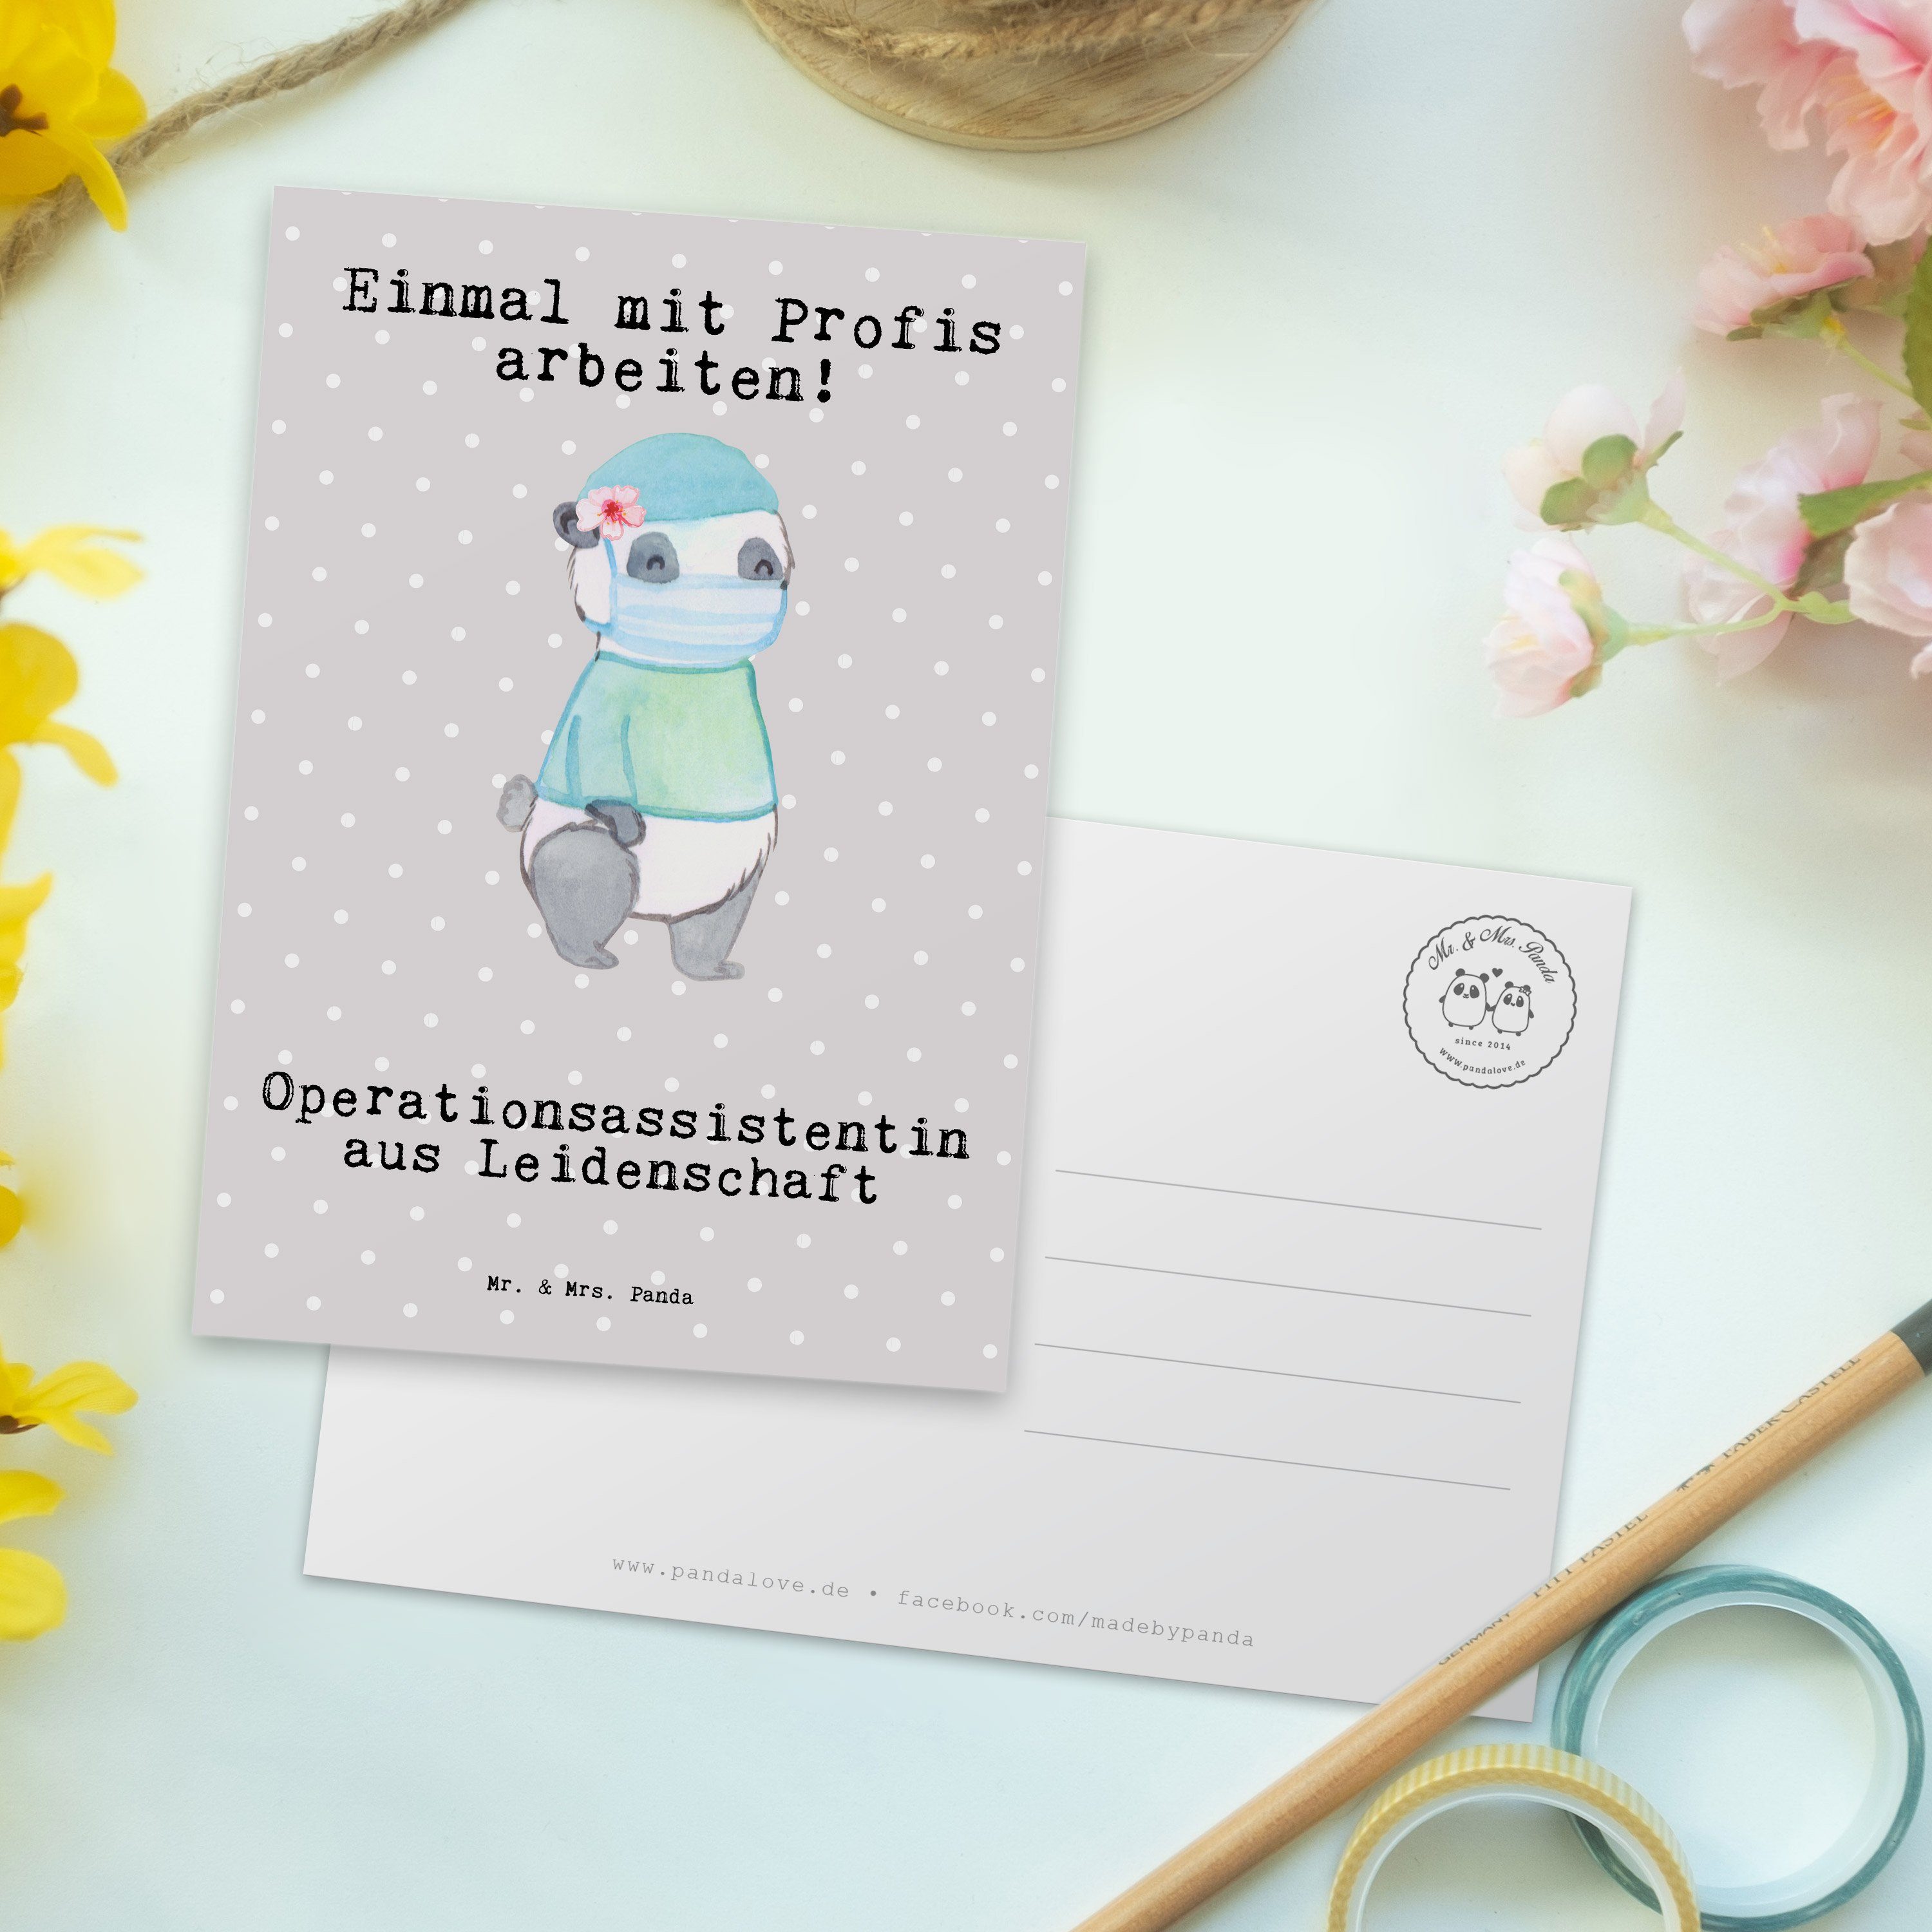 - Mr. Mrs. & Operationsassistentin Panda Postkarte Leidenschaft Fir aus Grau - Pastell Geschenk,
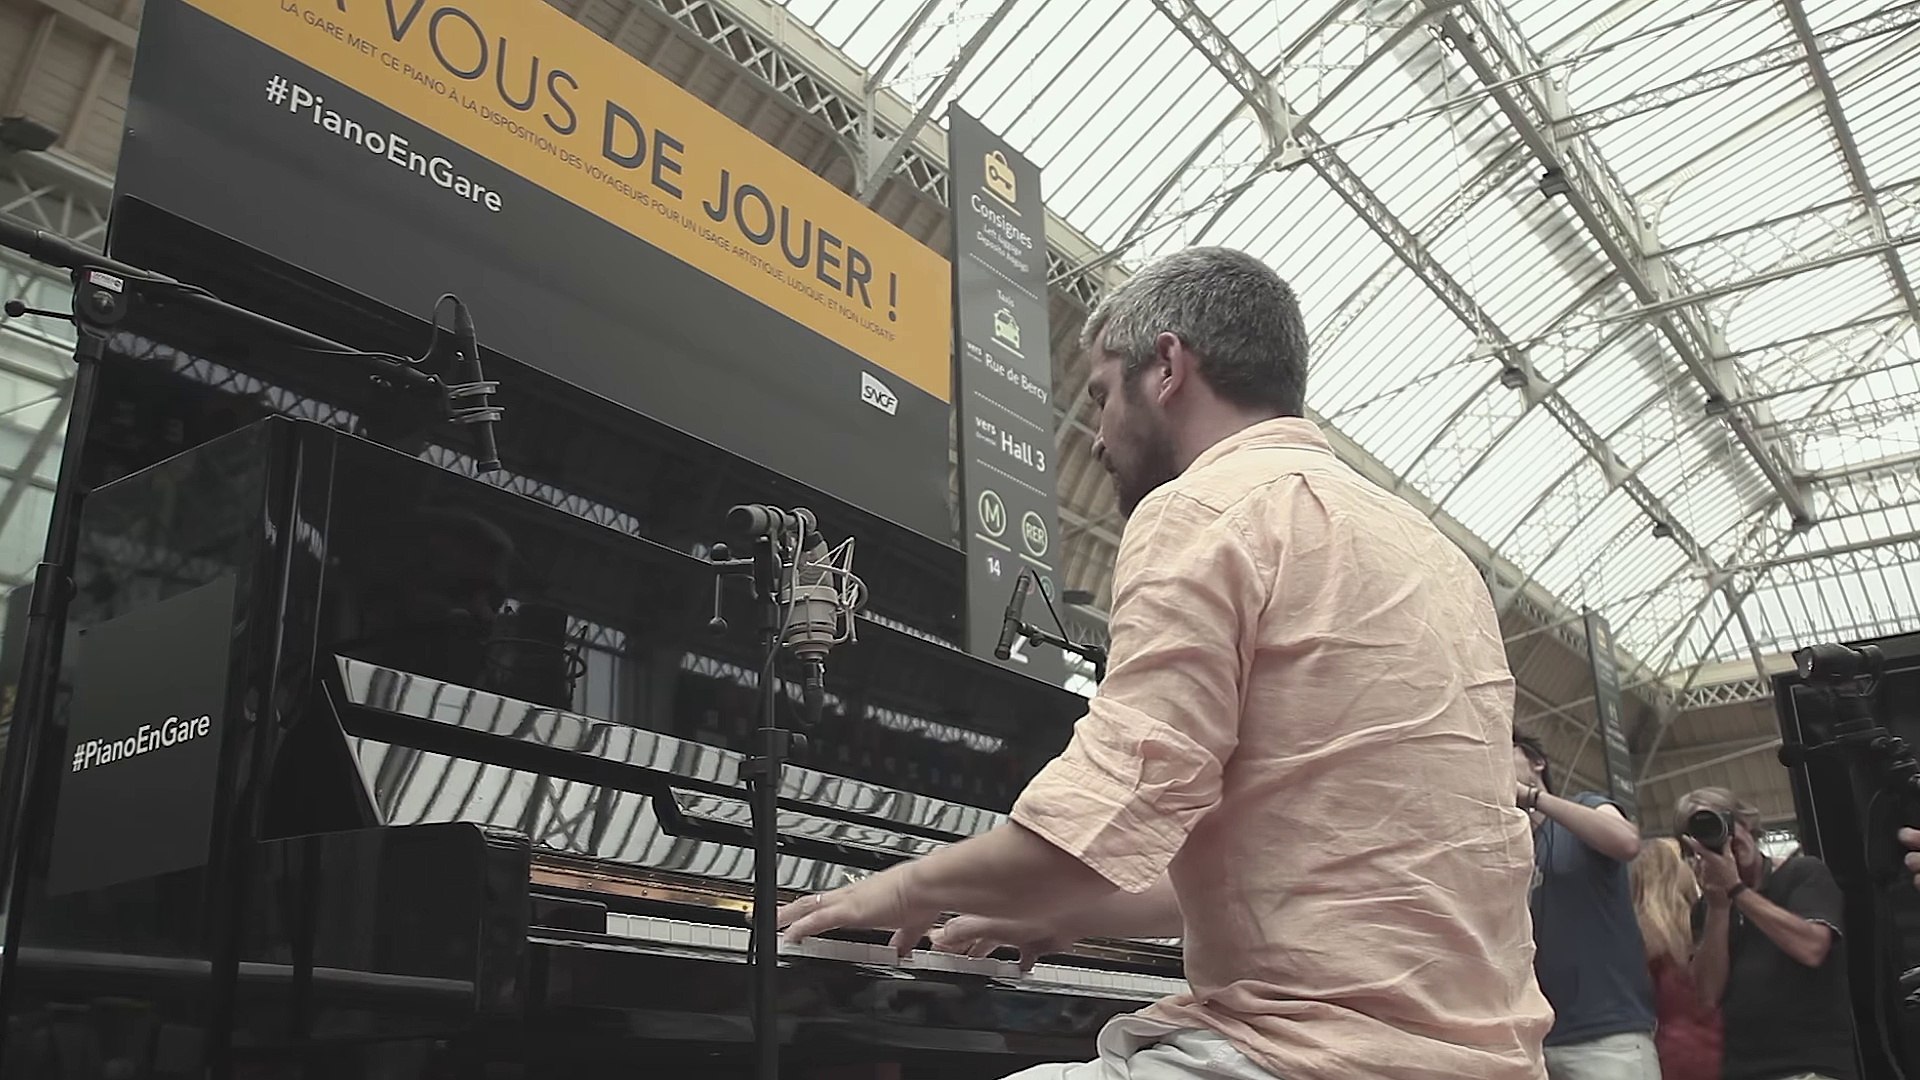 Grégoire reprend Oasis avec un piano dans une gare - Vidéo Dailymotion
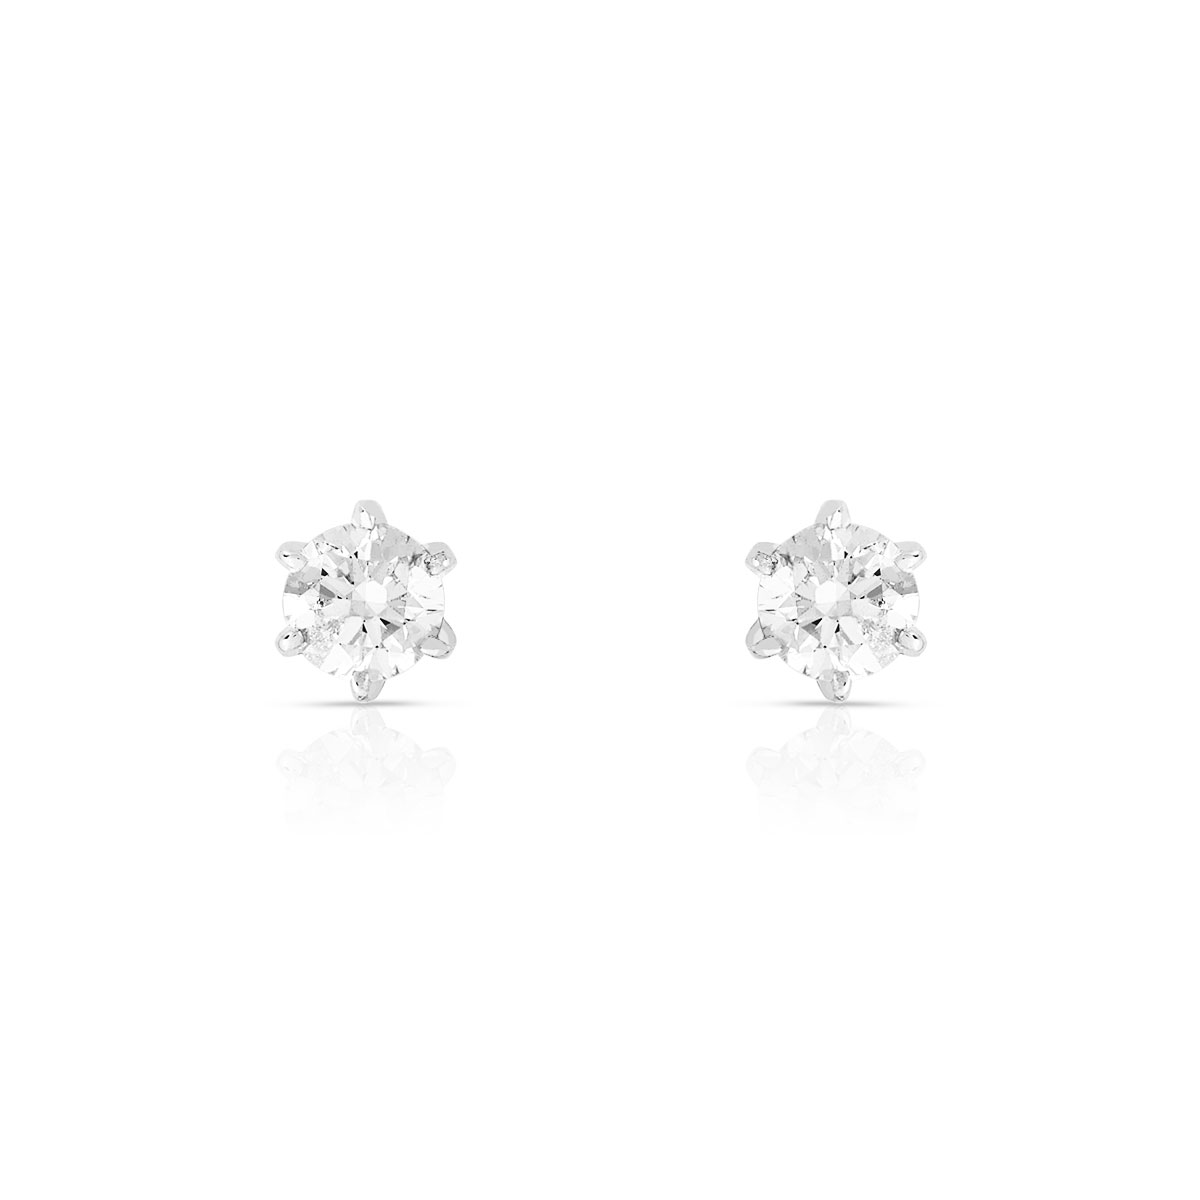 Boucles d'oreilles or 750 blanc diamants synthétiques 0.60 carat

# [What is expected]
From the line with "Grégoire reprend Oasis" to the last line above, restate each line word for word, but skip the pictures.

# [Response to the exercise]
 Grégoire reprend Oasis avec un piano dans une gare - Vidéo Dailymotion
 Boucles d'oreilles or 750 blanc diamants synthétiques 0.60 carat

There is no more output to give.